I was remembering Mom.

This was my first Christmas without her, though we’d spent several apart over the years when Holiday travel back to the North meant blizzard-like conditions and cancelled flights. I didn’t have regrets because I enjoyed every moment I had with her, thank God. My pain came from the emptiness that nothing else could (seemingly) fill. It was no longer about missing her; this was about being physically unable to see her until eternity. 

One Christmas memory blended into the next until all I remembered were feelings, photos, and a blur of wrapping paper. I couldn’t taste the dinners anymore, but hints of my mother’s smile peppered the evening until the images were too sharp, too strong. I choked on the memories earlier that day, stifling them until everyone went to bed. By early Christmas morning, I released them all in renegade tears.  Accepting her freedom from sickness was the easy part, but the frustration over her absence brought the most pain.

I prayed for peace and greater clarity, knowing that, as with all requests to the Father, it would come. Sometime before dawn on December 28th, that prayer was answered during my sleep. I dreamed that I was in my current home with my husband, Brian, our daughters, and my mother-in-law. In the dream, I was seated at our dining table with our children, anticipating a birthday cake to be brought to me and for my family to sing “Happy Birthday.” I smiled, squirming in my seat…until I noticed what I was – and wasn’t – getting.
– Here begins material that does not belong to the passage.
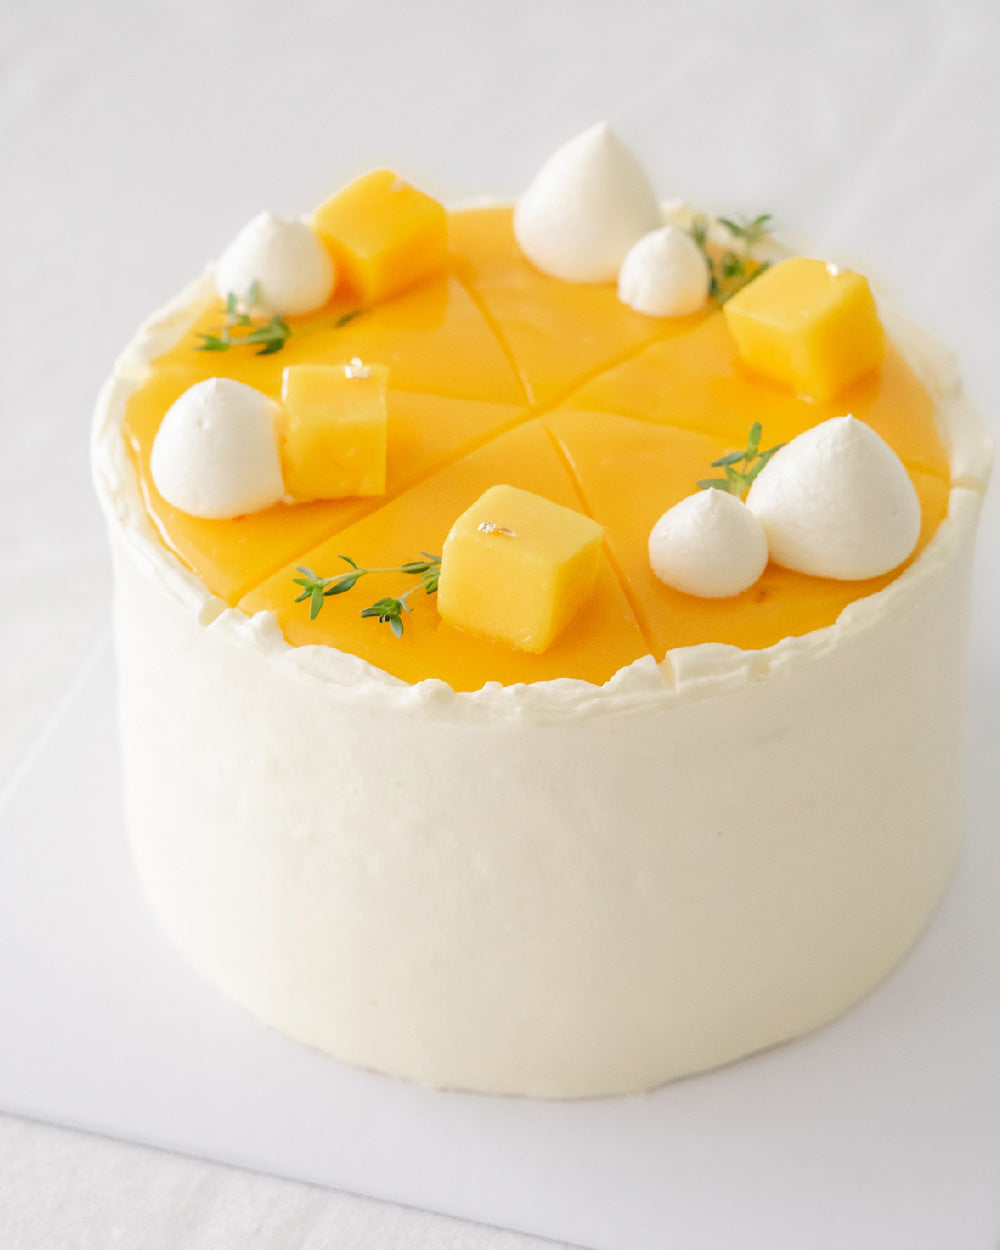 Mango Cake Delivery to KL & Selangor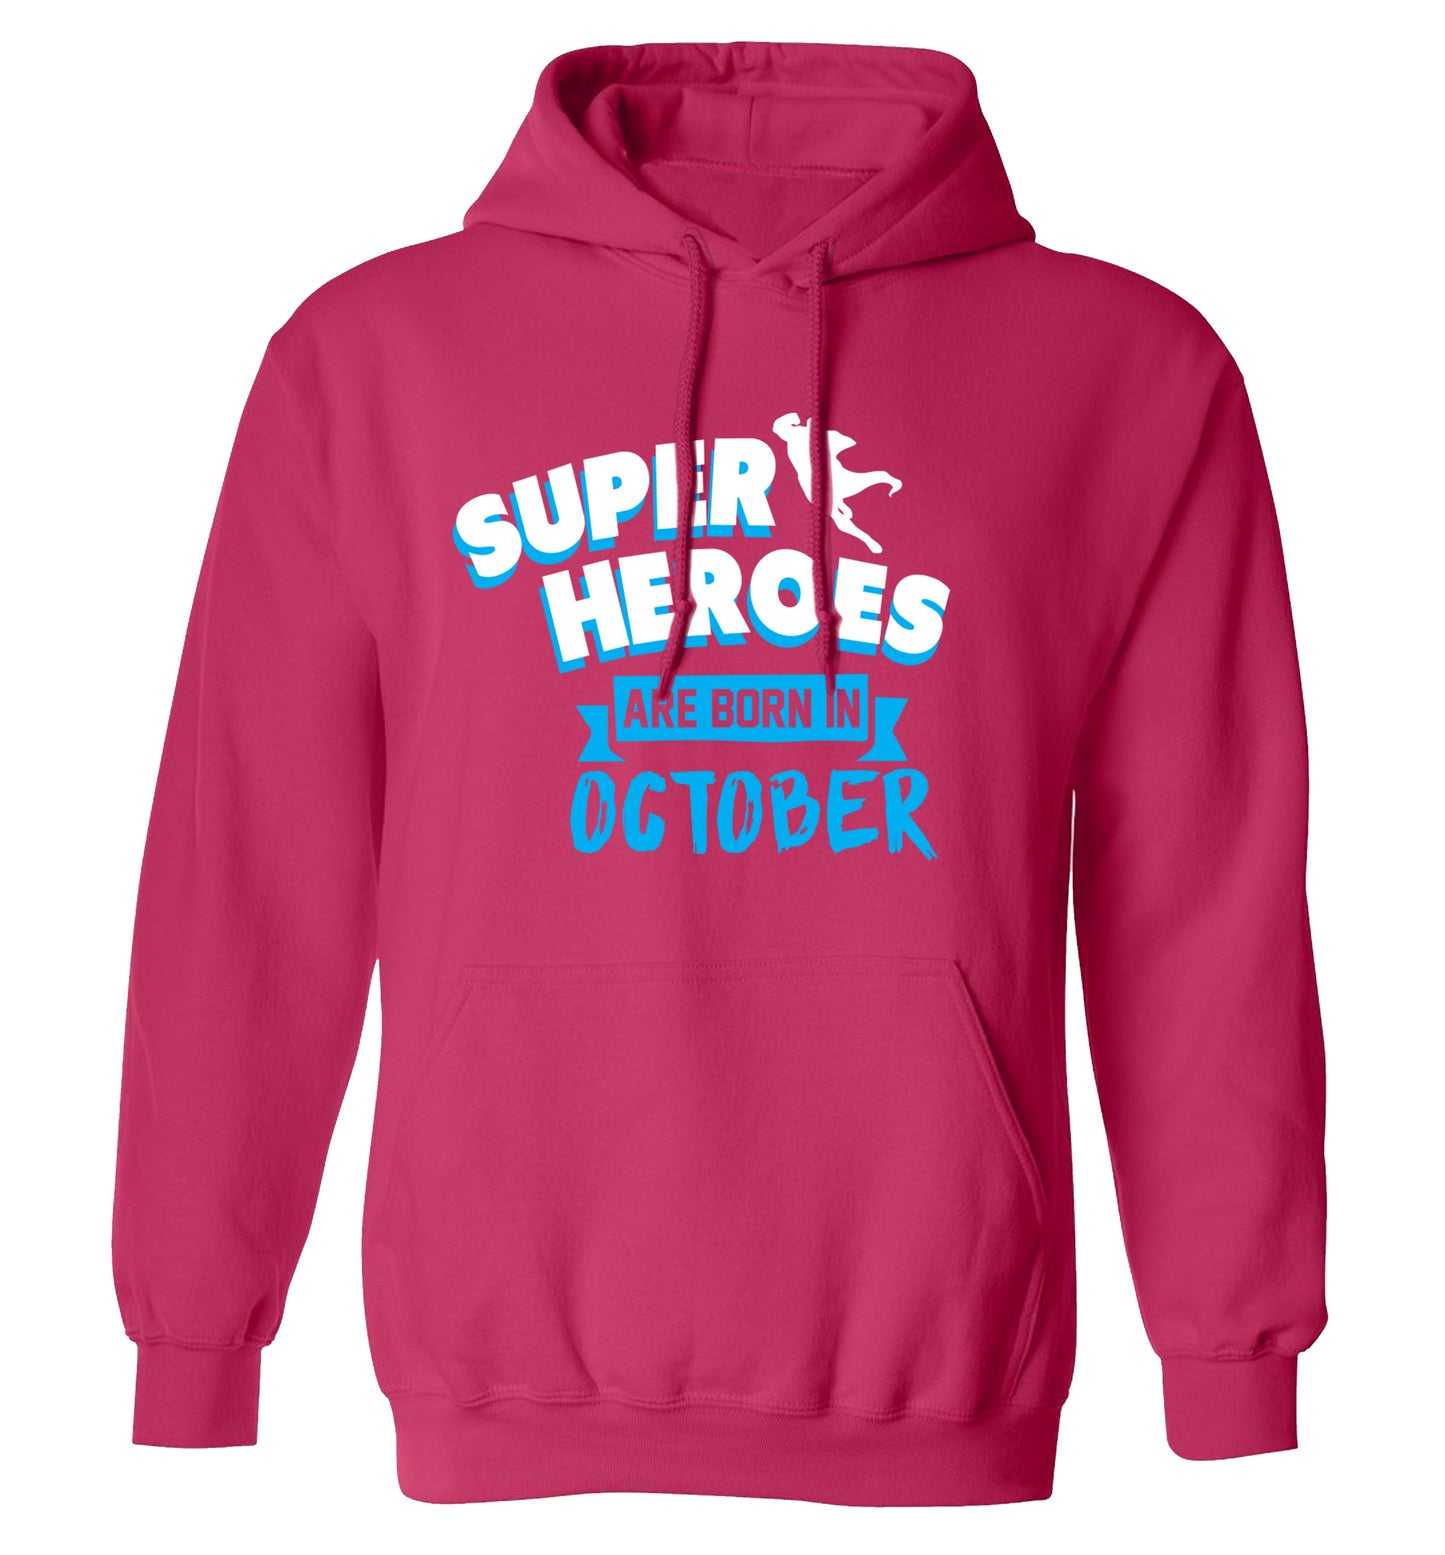 Superheroes are born in October adults unisex pink hoodie 2XL

The birthday cake I anticipated? Just a crumbling, white dried-out slice with drier white frosting. The candle I planned to blow out? Someone already did, apparently. The beloved “Birthday” song? I received silence. I looked around at everyone, disappointed, quietly demanding answers. They continued smiling, uncomfortable, trying to make do with what we had. This dream needed no interpretation: “dead” situations were influencing my present. Greater was ready and waiting for me, but I couldn’t receive it because my emotions (fears, hurts, etc.) were blocking my ability to receive.

Dear reader, you and I have a screaming choice to make: live on purpose, live authentically, and, by all means, live for today. Those who have loved, taught, and left us had to go for their own reasons. Like the classic Hero’s Journey in literature, we can’t become who we’re supposed to by clinging to yesterday’s routine. We have been shaken, and life has been stirred up, but we and it must go on. Let’s do so as if we wish to become legends. Our lives are stories. Why should the most fascinating chapters be behind us? 

I refuse to mark 2015 as only a challenging, hurtful year. Instead, I celebrate it as a benchmark year for completing long-term projects I’m keeping under wraps for now and seeing the fruition of answered prayer in ways I didn’t expect. Wherever you find yourself today, remember those you love, but release them into their “better.” In the process, that same gift will be given to you.